Today the most common gun problem he sees is rust.

“A gun should be cleaned and lubricated every time it’s used,” Valentine said. “A lot of people disagree, but it’s a machine and it needs cleaning to prevent rust. If I had my way I’d change my car oil every time I drove it.”

Valentine says few true gunsmiths exist today who can do it all: make a stock, finish wood, finish metal, operate a machine shop.

“You understand the importance of safety and know how to look for problems not mentioned,” he said. “And secondarily you’ve got to spend time to pass on the trade.”

Valentine does not look highly on gunsmiths produced in trade schools.

“They think they know it all when they graduate and don’t want to be taught,” he said.“I’ve interviewed countless trade school grads and the ones I’ve hired have lasted about two weeks. It took one an hour to mount a scope on a rifle; he couldn’t turn a screw.”

Valentine says he has found success with prospective gunsmiths “who come off the street wanting to learn and know little technically about guns.”

He holds two goals in mind when applying his trade: “My job is to make the owner of this business successful and to replace myself. Otherwise, I’m just burning time.”

When a gun comes in for repair, Valentine says fixing the problem is the first step.

“I think past the repair and fix anything I find that is wrong. A gun does not go back to the owner until I can leave it better than I found it.”

When buying a new shotgun, Valentine favors the Beretta. He likes Remington rifles and for a handgun Beretta, Star (now defunct), and a Ruger revolver.

“Expensive guns [usually] are better,” he said. “They don’t wear out. It takes many hours to put together a fine side-by-side before it even gets to the engraver and the wood goes on. A $30,000 gun might take a year to make. It’s all handwork.”

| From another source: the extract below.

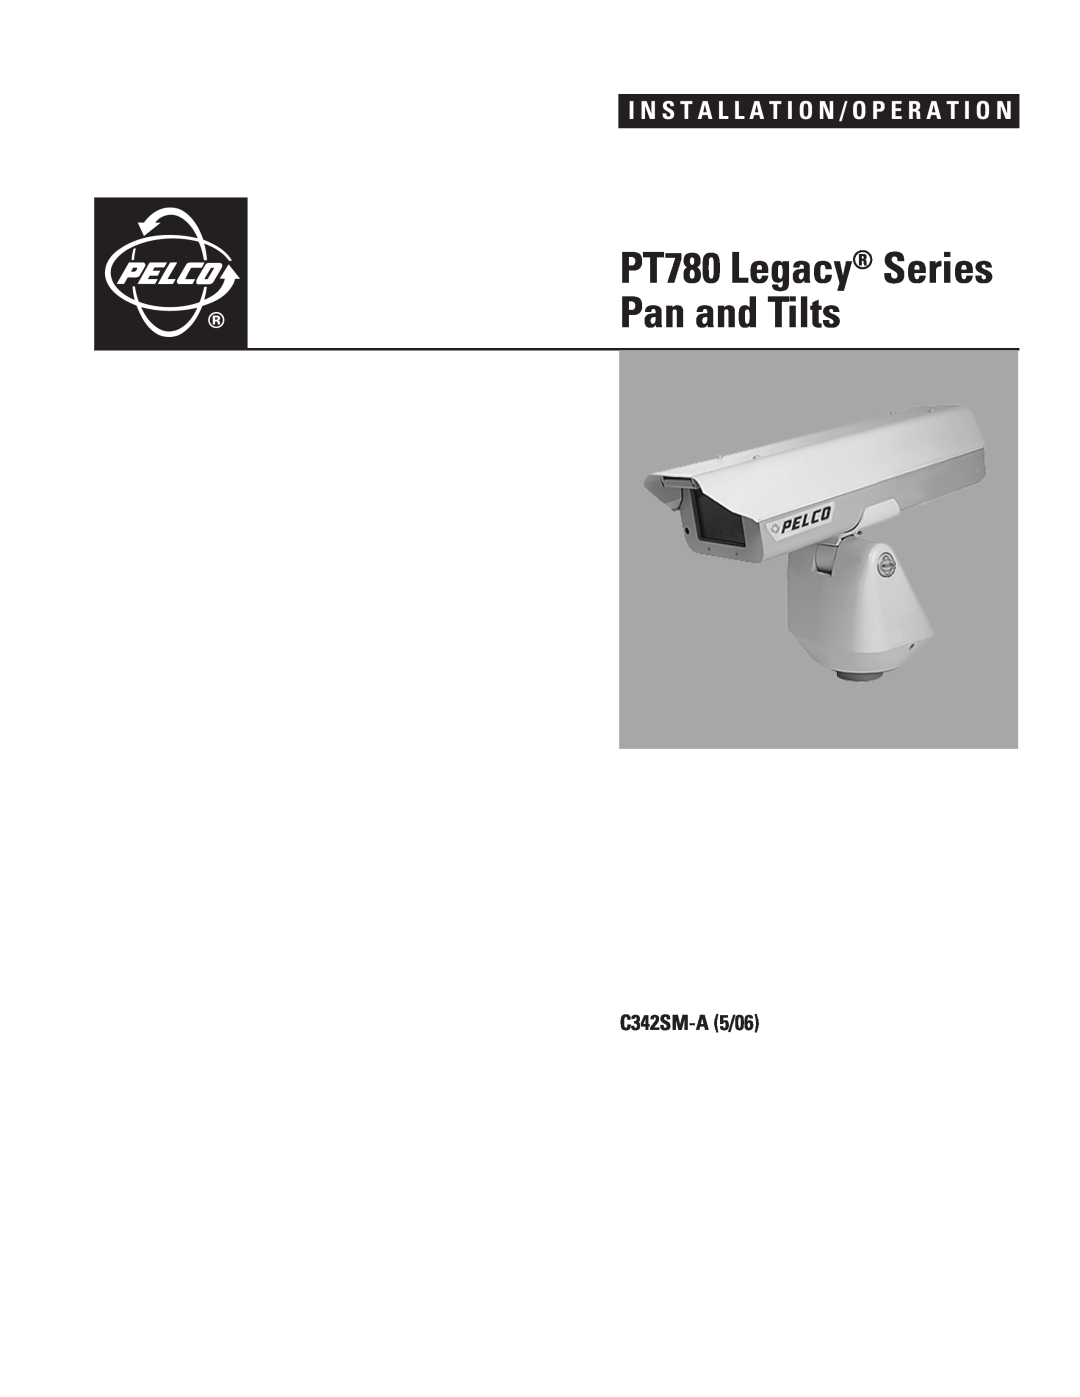 Pelco PT7800 manual PT780 Legacy Series Pan and Tilts, I N S T A L L A T I O N / O P E R A T I O N, C342SM-A5/06

Valentine loves to go afield target shooting and hunting.

“I enjoy all kinds of hunting – birds, varmints, big game (deer, bear, boar). I dove hunt and do a lot of grouse and quail hunting in Ohio, West Virginia and eastern North Carolina,” he said.

Hunting and firearms are not Valentine’s passions; it’s fishing. He goes twice a month every season of the year except summer, when it is too hot.

“It’s relaxing and rewarding and I learn from every hookup,” he said. “I fish very scientifically. I learn the fish and log what I did to catch the fish. I’ve learned to think like a fish.”

His favorite angling is fly-rodding for trout and bass.

“I’m 100 percent catch and release,” Valentine said. “I love to eat fish but not the ones I catch. I want to catch them again and want others to catch them.”

As for the future, Valentine predicts a gradual decline in his trade.

“In another 50 years there probably will be no gunsmiths. I see it happening, a time of inexpensive, throw-away guns,” he said.